Overview: The Health Insurance Portability and Accountability Act (HIPAA) requires that covered entities have a Business Associate Agreement (BAA) in place with any organization that creates, receives, maintains, or transmits Protected Health Information (PHI) on their behalf. This agreement establishes the legal framework for how Ondara handles PHI and the obligations both parties have under HIPAA regulations.

What is a Business Associate Agreement?

A Business Associate Agreement is a legally binding contract required by the Health Insurance Portability and Accountability Act (HIPAA). It establishes the terms under which a Business Associate (in this case, Ondara) agrees to handle Protected Health Information (PHI) on behalf of a Covered Entity (your healthcare practice or organization). The BAA outlines the specific security and privacy measures that must be implemented, the permitted uses and disclosures of PHI, and the responsibilities of both parties in maintaining HIPAA compliance. Without a properly executed BAA, healthcare practices cannot legally use third-party services to store or process patient data.

Why Does Your Practice Need a BAA with Ondara?

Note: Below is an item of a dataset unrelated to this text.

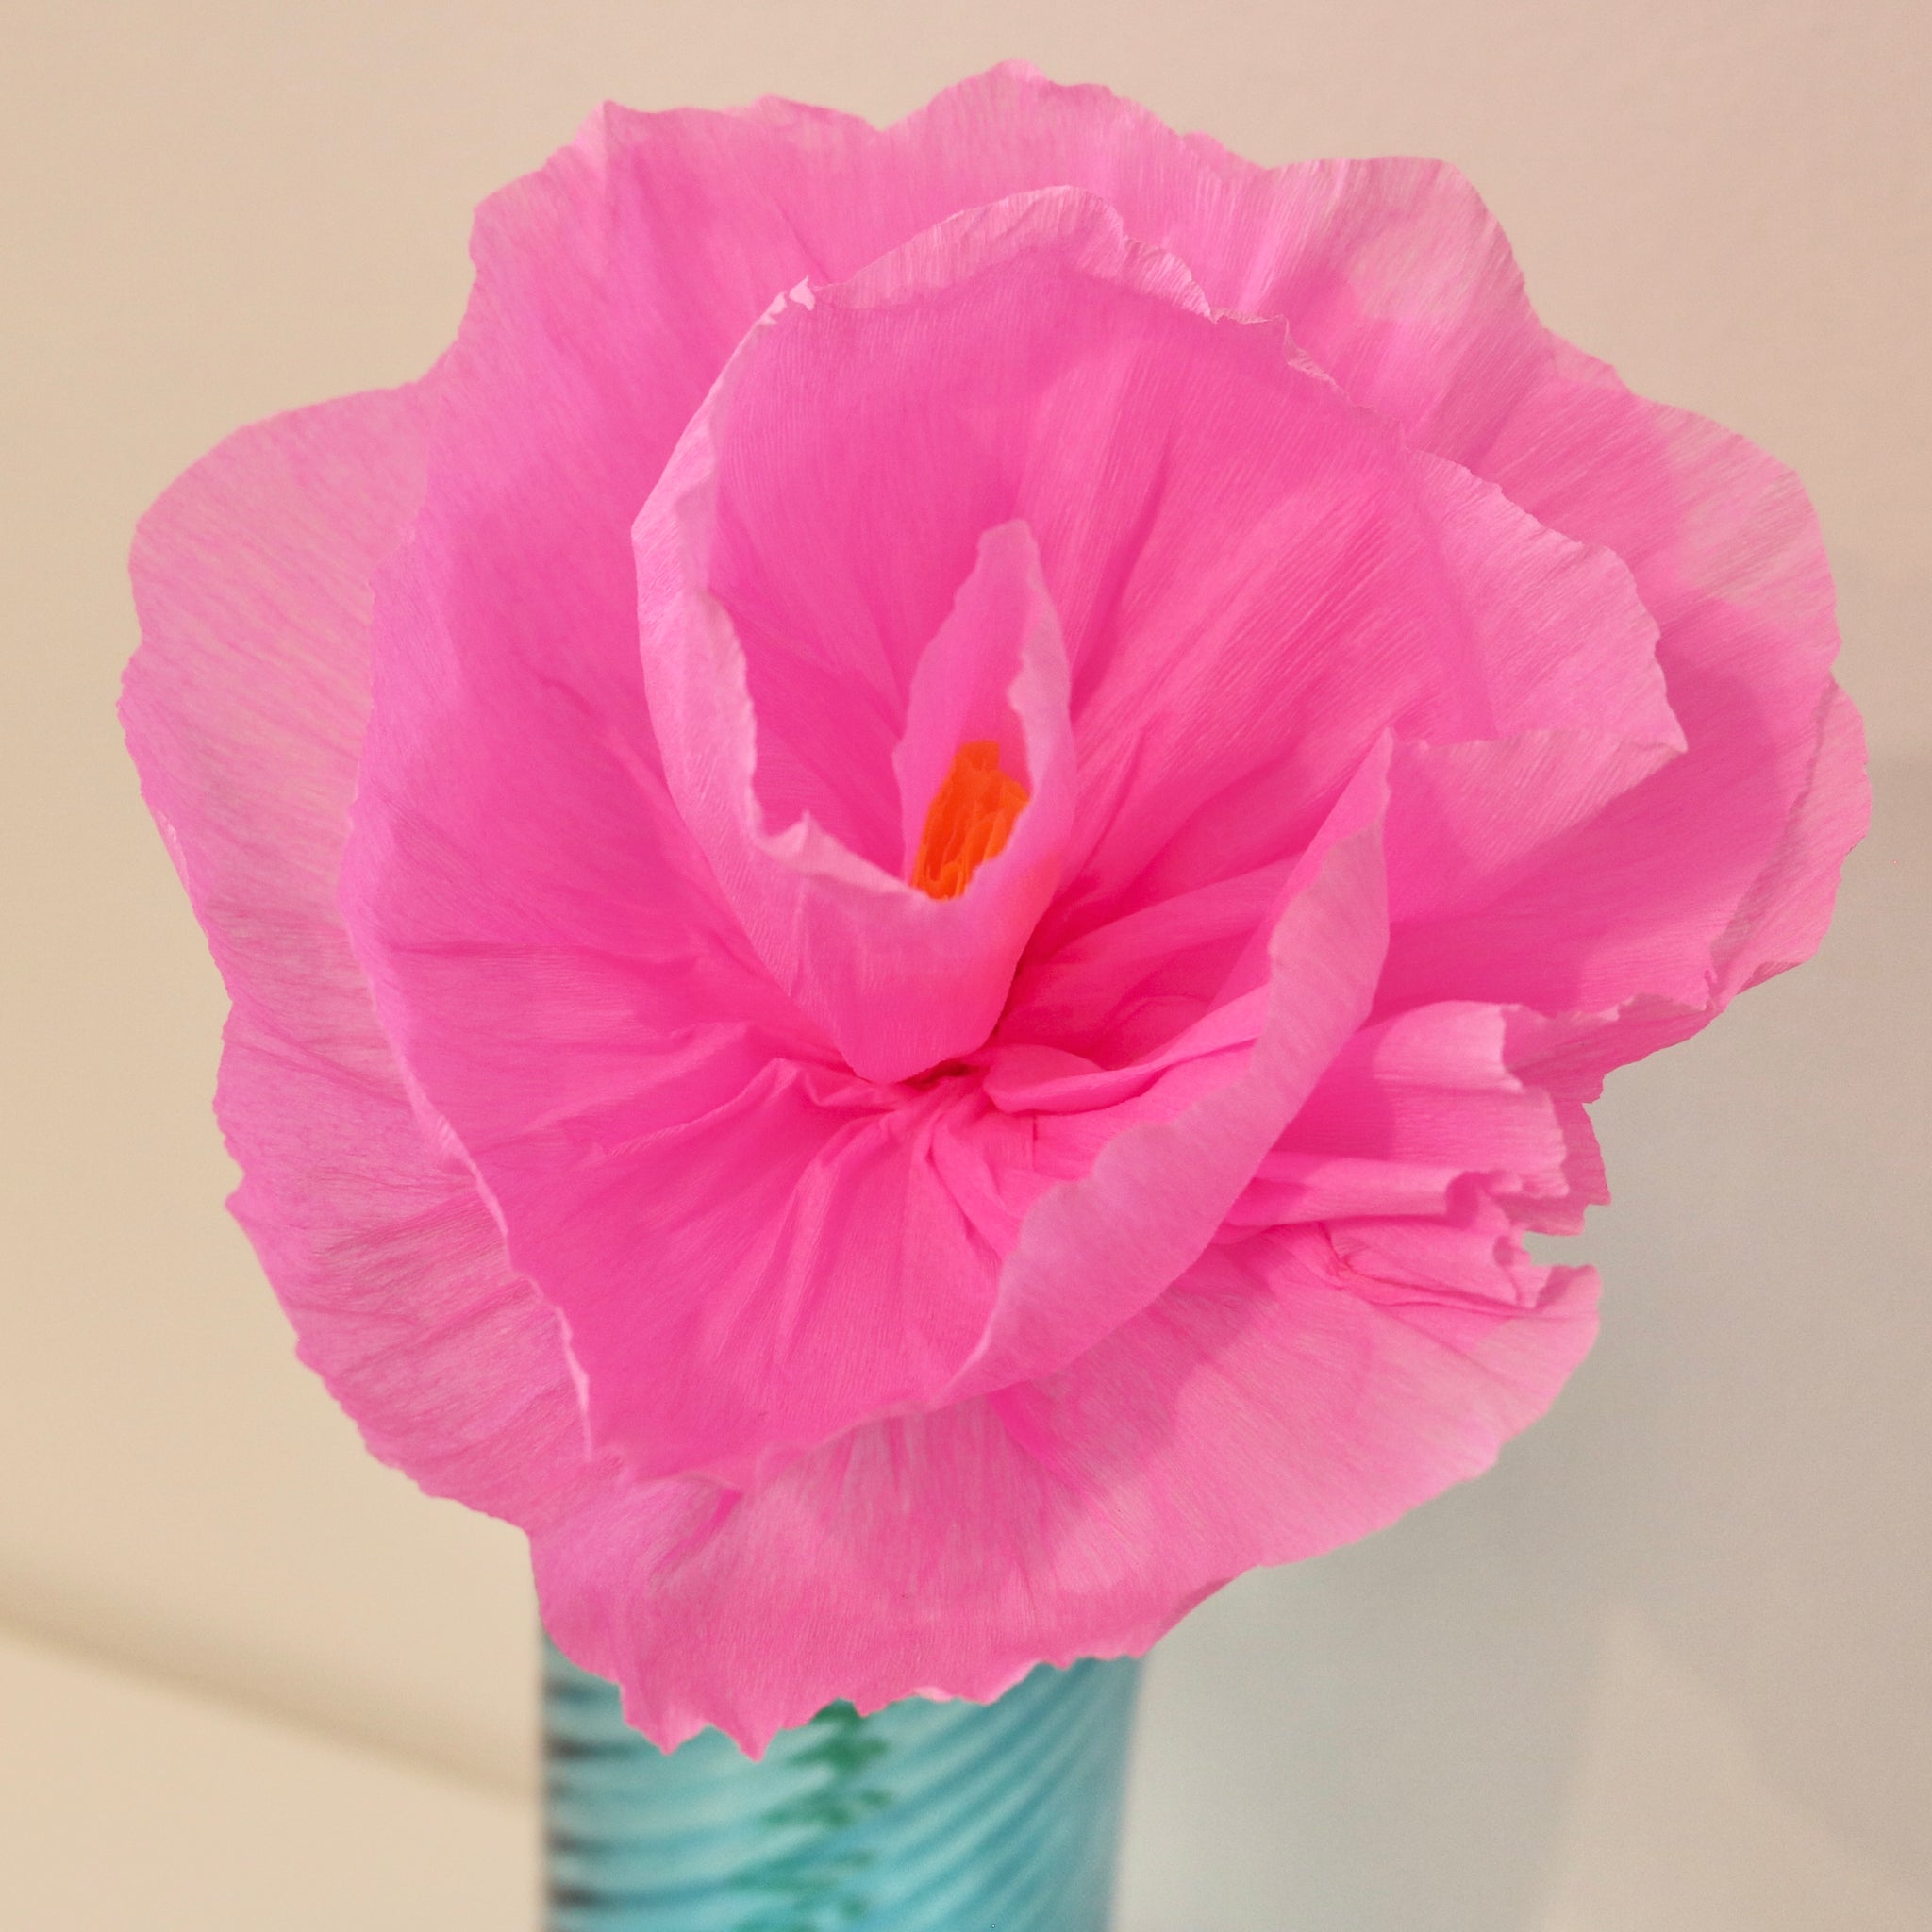 Mexican Crepe Paper Tissue Flowers - Set of 10 - My Mercado

If your mental health practice uses Ondara to manage patient intake forms and store Protected Health Information, federal law requires that you have an executed BAA in place. This agreement protects both your practice and Ondara by establishing clear expectations about data security, breach notification procedures, and regulatory compliance. The BAA ensures that Ondara has the same legal and ethical obligations to protect patient privacy as your practice does, creating a comprehensive compliance framework. Without a BAA, your practice could face regulatory penalties and liability for any breaches of patient information through Ondara.

Definitions

Covered Entity: Your healthcare practice or organization that is subject to HIPAA regulations and creates or receives Protected Health Information in the course of providing healthcare services.

Business Associate: Ondara, as a service provider that creates, receives, maintains, or transmits Protected Health Information on behalf of the Covered Entity.

Protected Health Information (PHI): Any information in a medical record or health plan that can be used to identify an individual patient, including names, medical record numbers, diagnoses, treatment plans, and clinical assessment data.

Breach: The unauthorized acquisition, access, use, or disclosure of PHI that compromises the security or privacy of such information.

Obligations of Business Associate

Ondara agrees to implement and maintain comprehensive safeguards to protect all PHI. Specifically, we commit to:

• Implement and maintain administrative, physical, and technical safeguards to ensure the confidentiality, integrity, and availability of PHI
• Use AES-256-GCM encryption for all PHI at rest and in transit
• Implement role-based access controls and multi-factor authentication for all accounts with access to PHI
• Maintain comprehensive audit logs of all access to and modifications of PHI
• Conduct regular risk assessments and security testing to identify and address vulnerabilities
• Provide immediate notification to the Covered Entity of any suspected or confirmed breach of PHI
• Only use or disclose PHI as permitted by the BAA or as required by law
• Ensure that all subcontractors and business associates handling PHI execute comparable BAAs
• Upon request, provide audit reports and documentation of compliance with HIPAA Security and Privacy Rules

Permitted Uses and Disclosures

Ondara may only use or disclose PHI for the purposes of performing services as defined in the BAA and as authorized by the Covered Entity. Specifically, we may use PHI to:

• Process patient intake forms and generate clinical summaries as requested by the Covered Entity
• Maintain and improve our platform and services
• Comply with applicable legal and regulatory requirements
• Investigate and address suspected breaches and security incidents

Ondara will not use or disclose PHI for any other purposes, including marketing, research, or sale of information, without prior written authorization from the Covered Entity. Any use of PHI beyond what is authorized under the BAA is strictly prohibited.

Obligations of Covered Entity

The healthcare practice (Covered Entity) agrees to:

• Limit access to PHI to authorized individuals within the practice
• Establish and maintain policies regarding the appropriate use and disclosure of PHI
• Provide training to all workforce members regarding HIPAA privacy and security requirements
• Notify Ondara immediately of any suspected breach of PHI or unauthorized access
• Cooperate with Ondara in investigating any potential security incidents
• Maintain all documentation required for demonstrating HIPAA compliance

Term and Termination

This BAA becomes effective when executed by both parties and continues until termination. Either party may terminate the BAA for material breach if the breaching party fails to cure the breach within thirty (30) days of written notice. Covered Entity may terminate the BAA at any time upon written notice. Upon termination, Ondara will securely return or destroy all PHI as directed by the Covered Entity. If destruction is impractical, Ondara will maintain appropriate security measures for the retained PHI and limit its use and disclosure to the purposes preventing its return or destruction.

Miscellaneous

This BAA constitutes the entire agreement between the parties regarding HIPAA compliance and supersedes any prior agreements or understandings. The BAA is governed by applicable federal HIPAA regulations and the laws of the state in which the Covered Entity is located. This BAA may be amended only through written consent of both parties. If any provision of this BAA is found invalid or unenforceable, all other provisions shall remain in full force and effect.